**Task instructions**
An exact reproduction of the data below is expected, free of images.

(Exercise data)

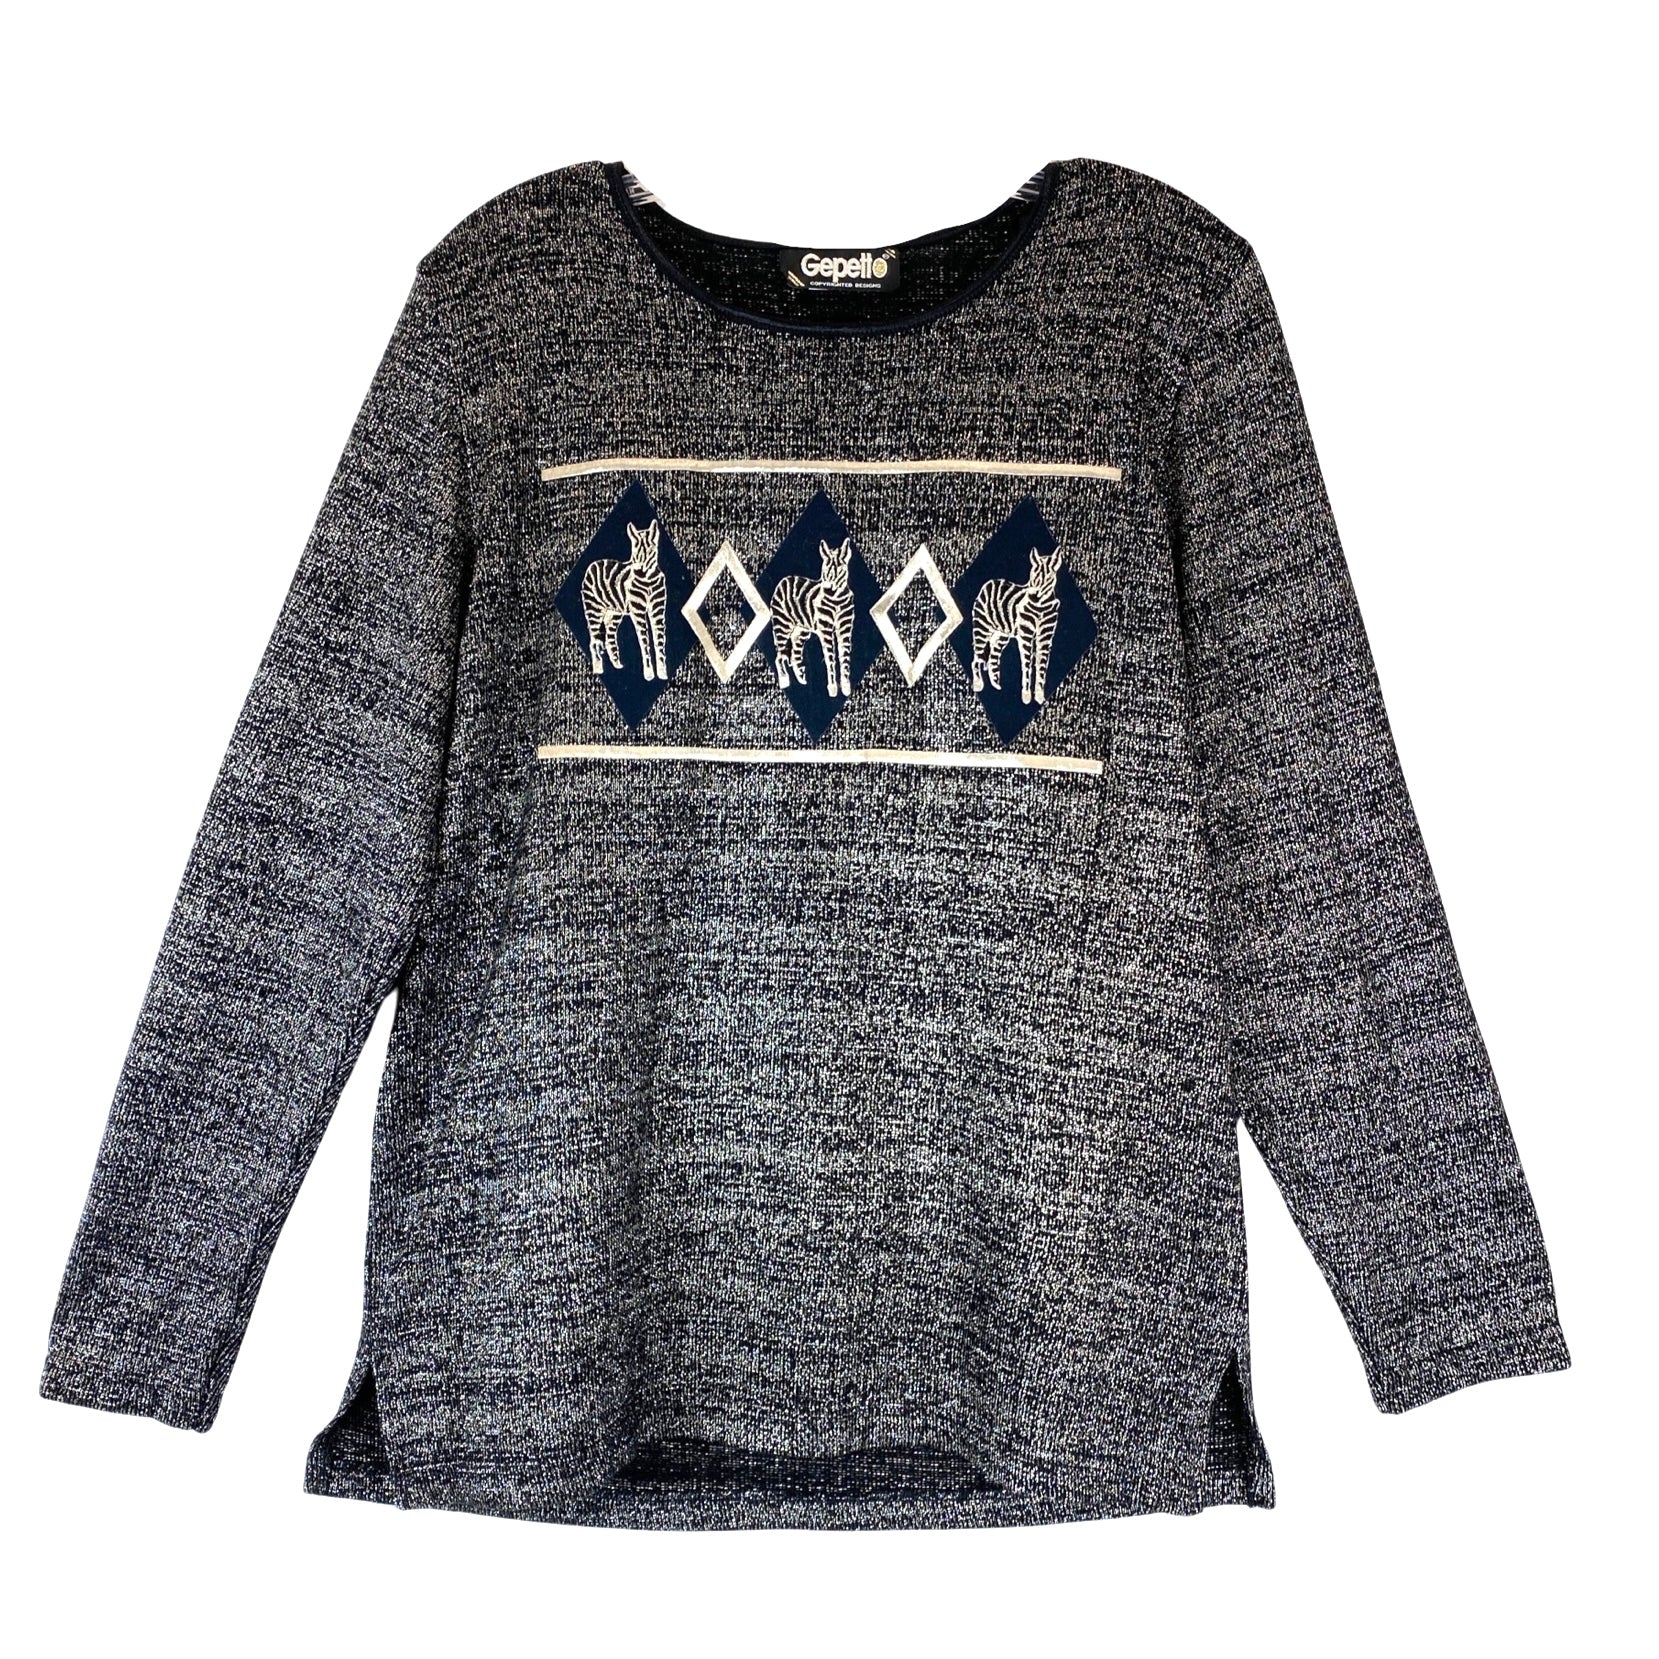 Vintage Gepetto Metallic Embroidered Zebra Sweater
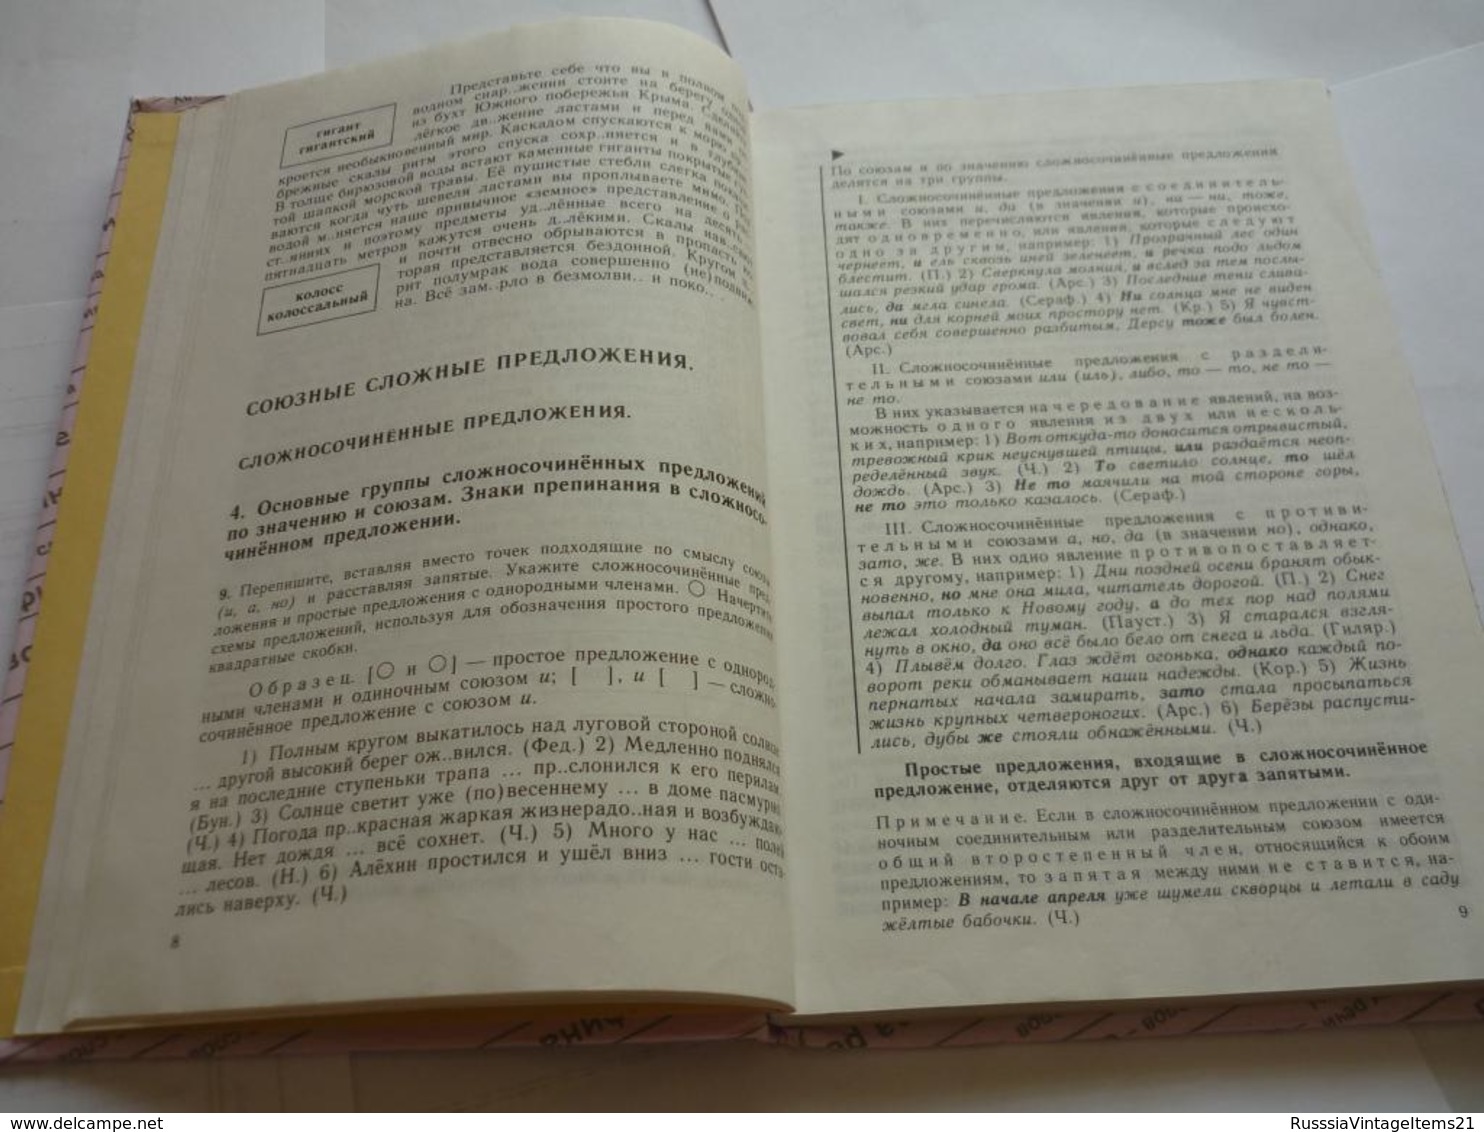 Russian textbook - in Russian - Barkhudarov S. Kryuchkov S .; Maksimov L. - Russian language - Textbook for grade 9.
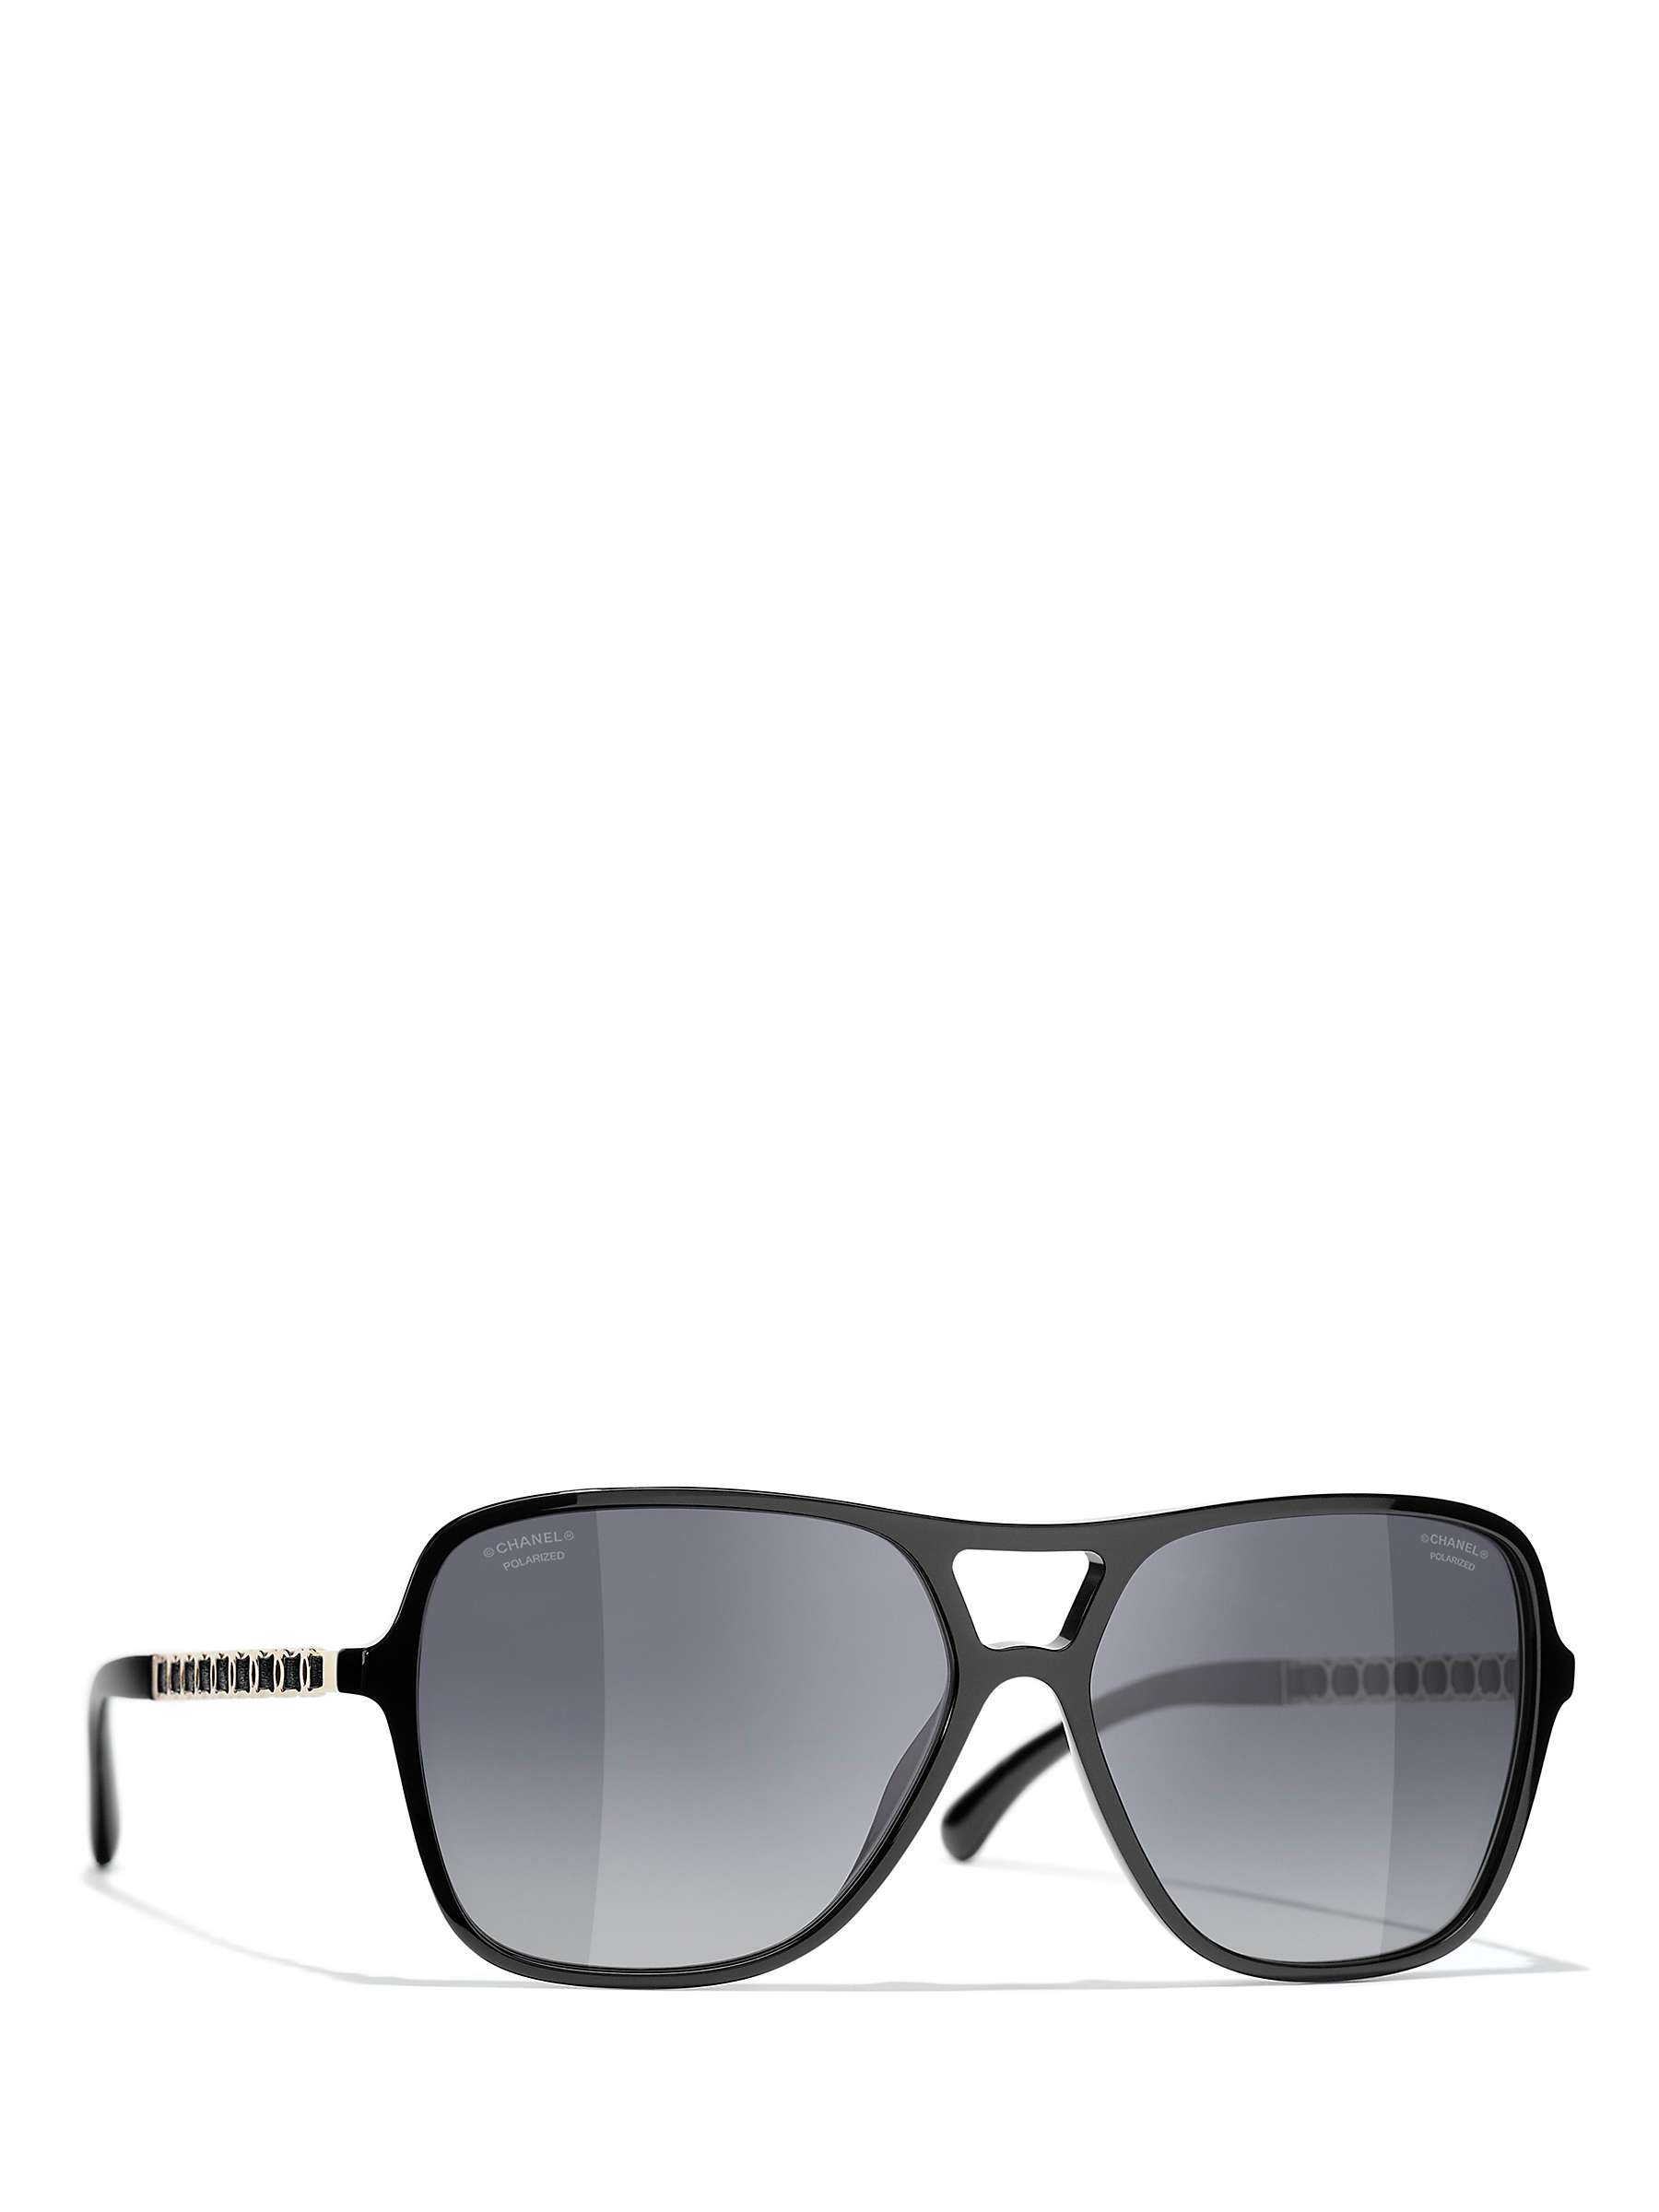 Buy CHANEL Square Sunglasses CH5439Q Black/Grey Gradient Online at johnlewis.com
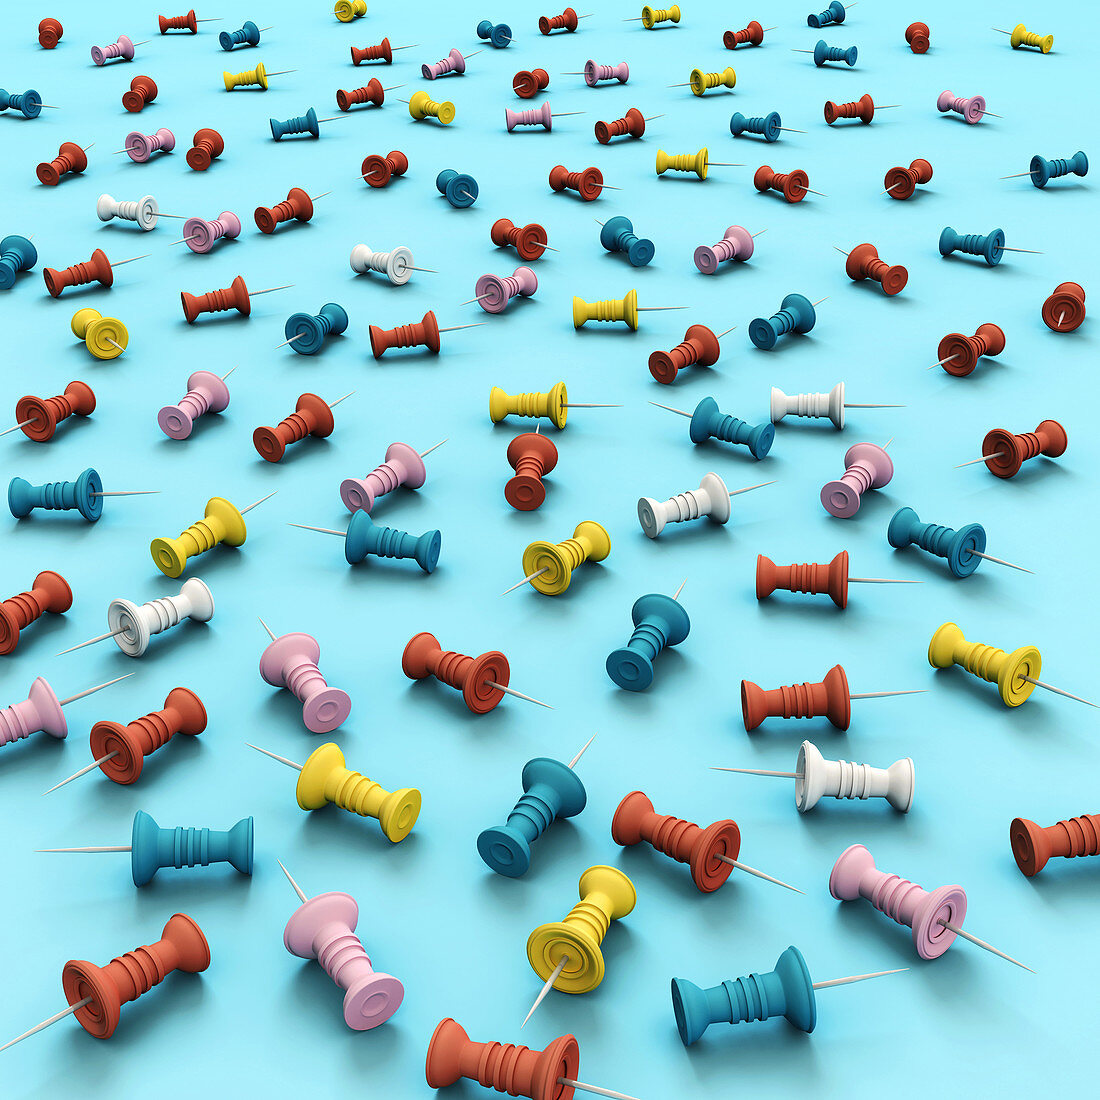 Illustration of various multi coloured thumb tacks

(End Exercise data)

**Expected output**
 Vintage Gepetto Metallic Embroidered Zebra Sweater
 Russian textbook - in Russian - Barkhudarov S. Kryuchkov S .; Maksimov L. - Russian language - Textbook for grade 9.
 Buy CHANEL Square Sunglasses CH5439Q Black/Grey Gradient Online at johnlewis.com
 Illustration of various multi coloured thumb tacks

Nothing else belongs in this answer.